吴恩达机器学习第六周测验及编程作业和选做题
代码:https://github.com/LiuZhe6/AndrewNGMachineLearning
文章目录
- 测验1:Advice for Applying Machine Learning
- 第一题
- 第二题
- 第三题
- 第四题
- 第五题
- 编程作业:Regularized Linear Regression and Bias/Variance
- 作业一:Regularized Linear Regression Cost Function
- 作业二:Regularized Linear Regression Gradient
- 作业三:Learning Curve
- 作业四:Polynomial Feature Mapping
- 作业五:Validation Curve
- 选做题一:Computing test set error
- 选做二:Plotting learning curves with randomly selected examples
- 测验2:Machine Learning System Design
- 第一题
- 第二题
- 第三题
- 第四题
- 第五题
测验1:Advice for Applying Machine Learning
第一题
答案
C
分析:测试集误差与训练集误差趋于一致,此时应为高偏差。
第二题
答案
CD
分析:根据题目,假设函数在训练集上表现非常好,但是泛化能力不行,很有可能发生了高方差(过拟合),此时可以采取的措施有:1.减少特征数量 2.增加正则化参数lamda
第三题
答案
AB
分析:根据题目,假设函数在训练集和交叉验证集上表现都不好,故为高偏差(欠拟合),此时可以采取的措施有:1.增加多项式 2.减少正则化参数lamda。
第四题
答案
AC
第五题
答案
ACD
分析:
A:采用学习曲线可以帮助我们更好的了解当前所选择的学习算法的好坏,正确。
B:高偏差和高方差都不好,错误。
C:处于高偏差的情况下,增加训练样本并不一定可以帮助提升效果,正确。
D:处于高方差的情况下,增加训练样本可能帮助提升效果,正确。
编程作业:Regularized Linear Regression and Bias/Variance
作业一:Regularized Linear Regression Cost Function
linearRegCostFunction.m
记得正则化时,theta0不惩罚
J = 1 / (2 * m) * (X * theta - y)' * (X * theta - y) + lambda / (2 * m) * ((theta') * theta - theta(1)^2 );
作业二:Regularized Linear Regression Gradient
linearRegCostFunction.m
grad = 1/m * X' *(X * theta - y) + lambda / m * theta;
grad(1) -= lambda/m * theta(1);
作业三:Learning Curve
learningCurve.m
% 因为需要得到随m的增大,两个误差的值,故需要for循环
for i = 1 : m
theta = trainLinearReg(X(1:i,:), y(1:i) ,lambda);
error_train(i) = linearRegCostFunction(X(1:i,:), y(1:i), theta, 0); %lambda设置为0
error_val(i) = linearRegCostFunction(Xval, yval,theta,0);
作业四:Polynomial Feature Mapping
polyFeatures.m
for i = 1 : p
X_poly(:,i) = X.^i;
end;
作业五:Validation Curve
validationCurve.m
for i = 1 : length(lambda_vec)
lambda = lambda_vec(i);
theta = trainLinearReg(X,y,lambda);
error_train(i) = linearRegCostFunction(X,y,theta,0);
error_val(i) = linearRegCostFunction(Xval,yval,theta,0);
end;
刚开始写error_train和error_val的时候,后面穿的参数写成了lambda,提交发现不对。

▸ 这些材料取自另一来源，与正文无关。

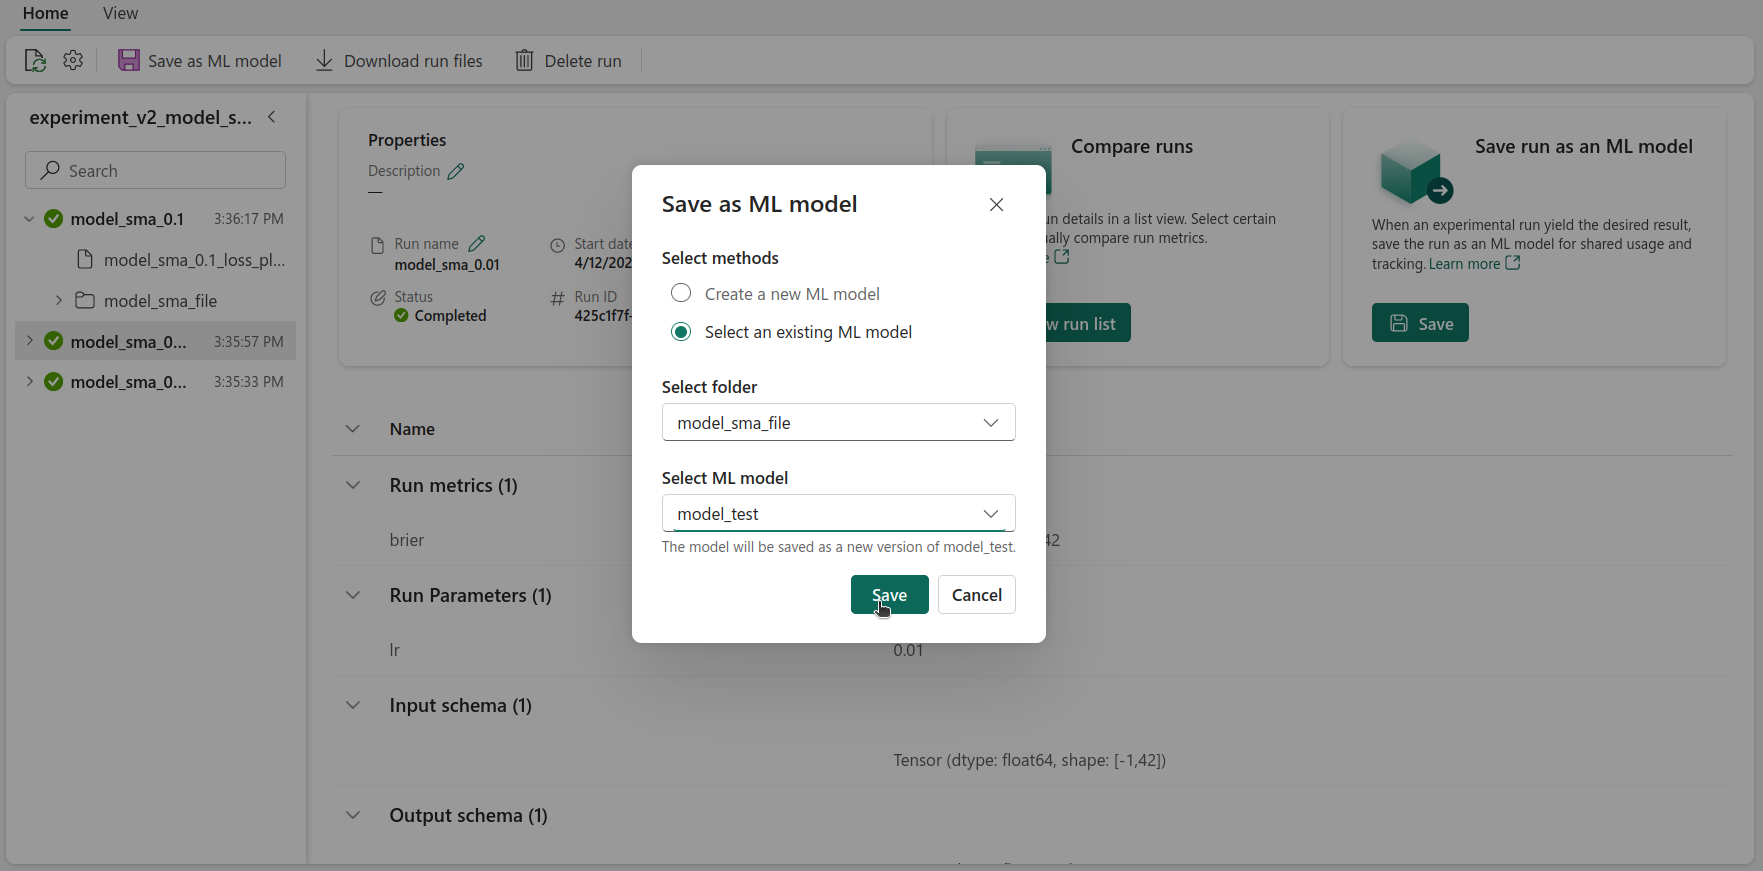 After selecting save in the save run as ML Model section, a pop up box shows up to select the model files and the ML Model to save the files to.

我思考了一下,觉得这里计算代价的时候,只是针对theta做不同的改变就可以了,lambda始终是0 。因为在上面计算theta的时候,就已经考虑了lambda。
选做题一:Computing test set error
ex5.m
%% 选做部分1:使用最优lambda计算test error
lambda = 3;
theta = trainLinearReg(X_poly,y,lambda);
test_error = linearRegCostFunction(X_poly_test,ytest,theta,0);
打印test_error,可以看到结果为test_error = 3.8599
选做二:Plotting learning curves with randomly selected examples
参考github
新建文件learningCurveWithRandomSel.m
function [error_train, error_val] = ...
learningCurveWithRandomSel(X, y, Xval, yval, lambda)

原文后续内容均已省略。